You can't defeat the darkness by keeping it caged inside of you.
— Seth Adam Smith
If you decide not to embarque on a 21-day challenge, you can always opt to create a freestyle recovery journal. Here are a few tips to get you started:
Jot down your goals for the day. Establishing new patterns in life is hard work. By reducing your time horizon to “one day at a time” in the first few weeks, it’s easier to build momentum. Start by setting small goals in your recovery journal. For instance, if you are trying to abstain from sugar – why not gradually reduce it? Set a goal to have only half a candy bar every day for the first week, then set a goal for a quarter candy bar the second week. At the end of the day, revisit your recovery journal and write about whether you fulfilled the goal you set at the onset of the day. If you did not achieve the mini goal, write about why you could not muster the willpower to stick with your daily goal.
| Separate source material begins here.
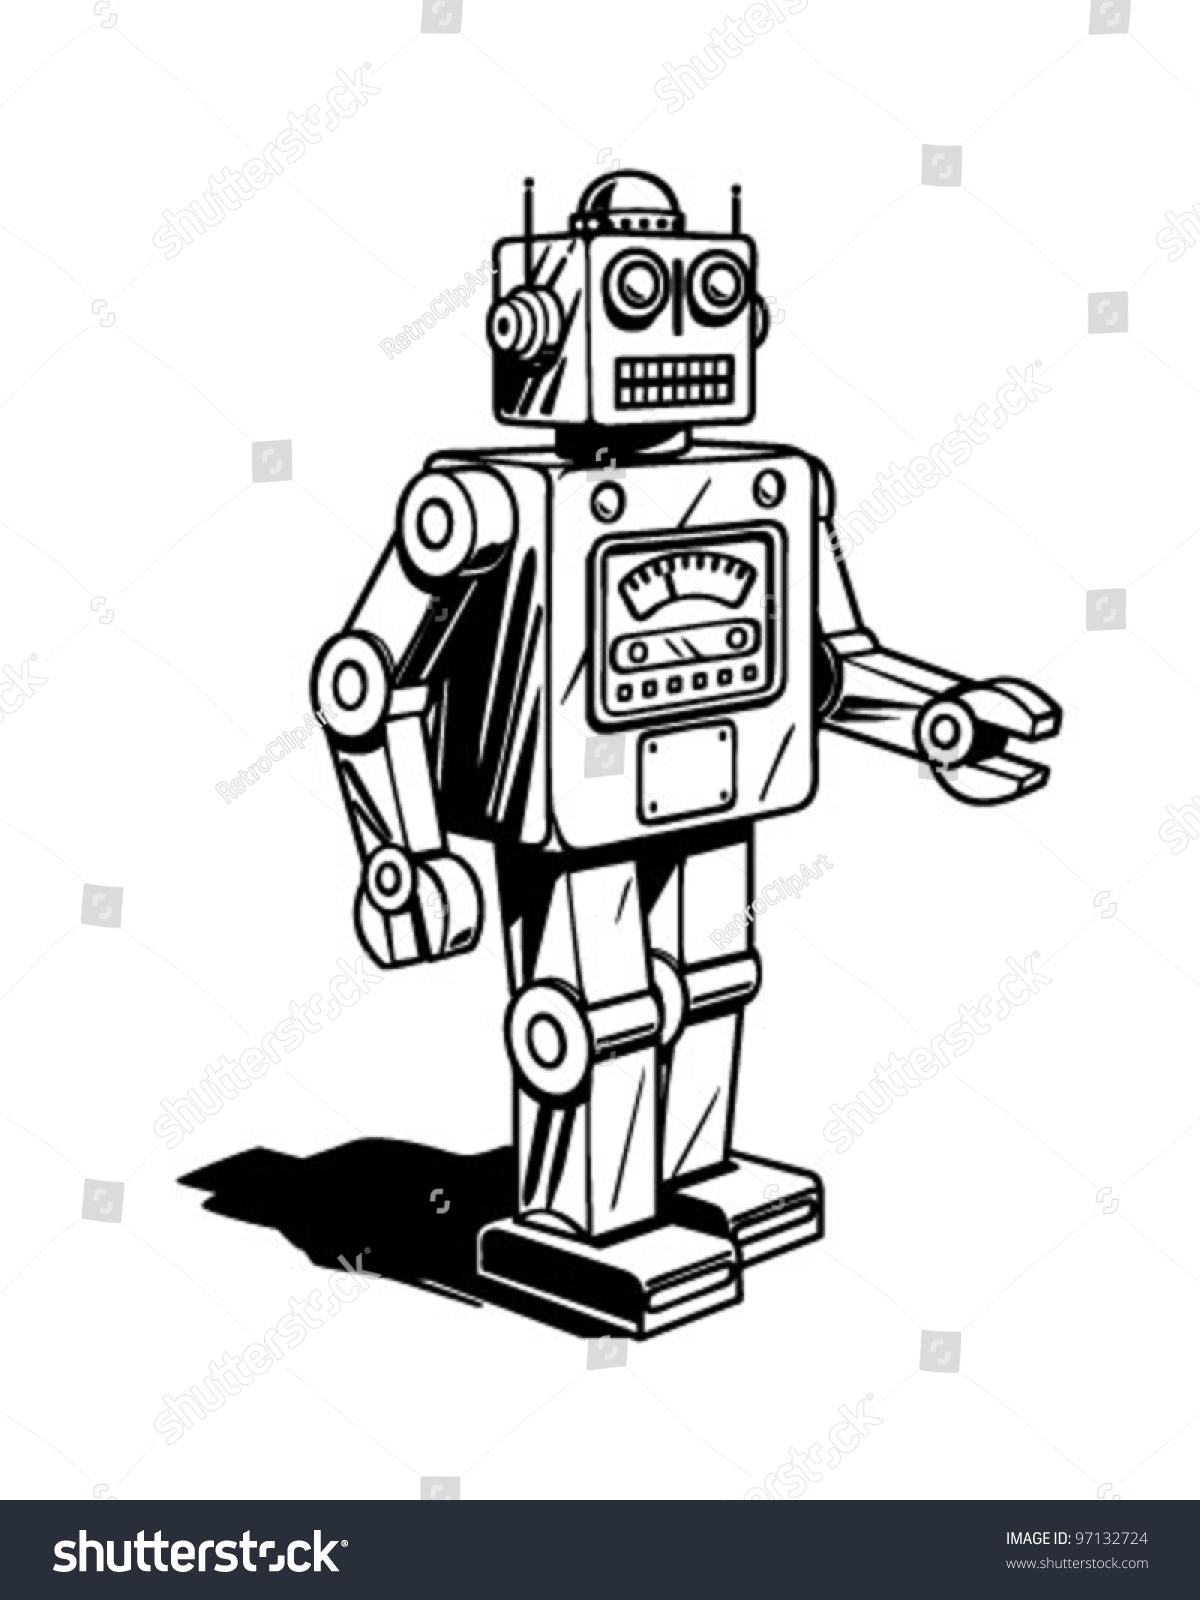 Retro Robot Clipart Illustration Stock Vector 97132724 - Shutterstock

Be thankful and express gratitude. Study after study proves that gratitude is a powerful antidote to a defeatist attitude. When you are feeling down, worn out, or about to throw in the towel on your daily goal of abstaining from a substance – why not login to JournalOwl and begin expressing gratitude into your recovery journal? It could be anything like being thankful for that morning burrito from McDonalds, the oxygen in the air, or the warm bed and soft pillows waiting for you tonight. Staying in a continuous state of gratitude, especially during hard times, helps you ‘stay in the fight’ longer than you otherwise would.
Celebrate your accomplishments. When times get tough, its easy to forget how strong of a person you have truly become in life. With your recovery journal, it’s important to celebrate yourself for each milestone. It does not need to be a public display of celebration. Too many times, we look to the external world with Facebook, Twitter, or Instagram to brag about our accomplishments. Gaining ‘Likes’ is an external form of validation and doesn’t result in long-term change or fulfillment. Celebrate your accomplishments privately in your recovery journal by congratulating yourself. You must become your own best friend, your own coach, and your own cheerleader to succeed in life. Nobody is coming to help. Ultimately, it is up to you.
Starting a recovery journal does not need to overly complicated. Start small and begin with a few sentences every single day. Do not attempt to boil the ocean. Small wins will stack upon each other, until they become larger and larger. Before you know it, you’ll have 21 days of abstinence under your belt and a new habit pattern formed.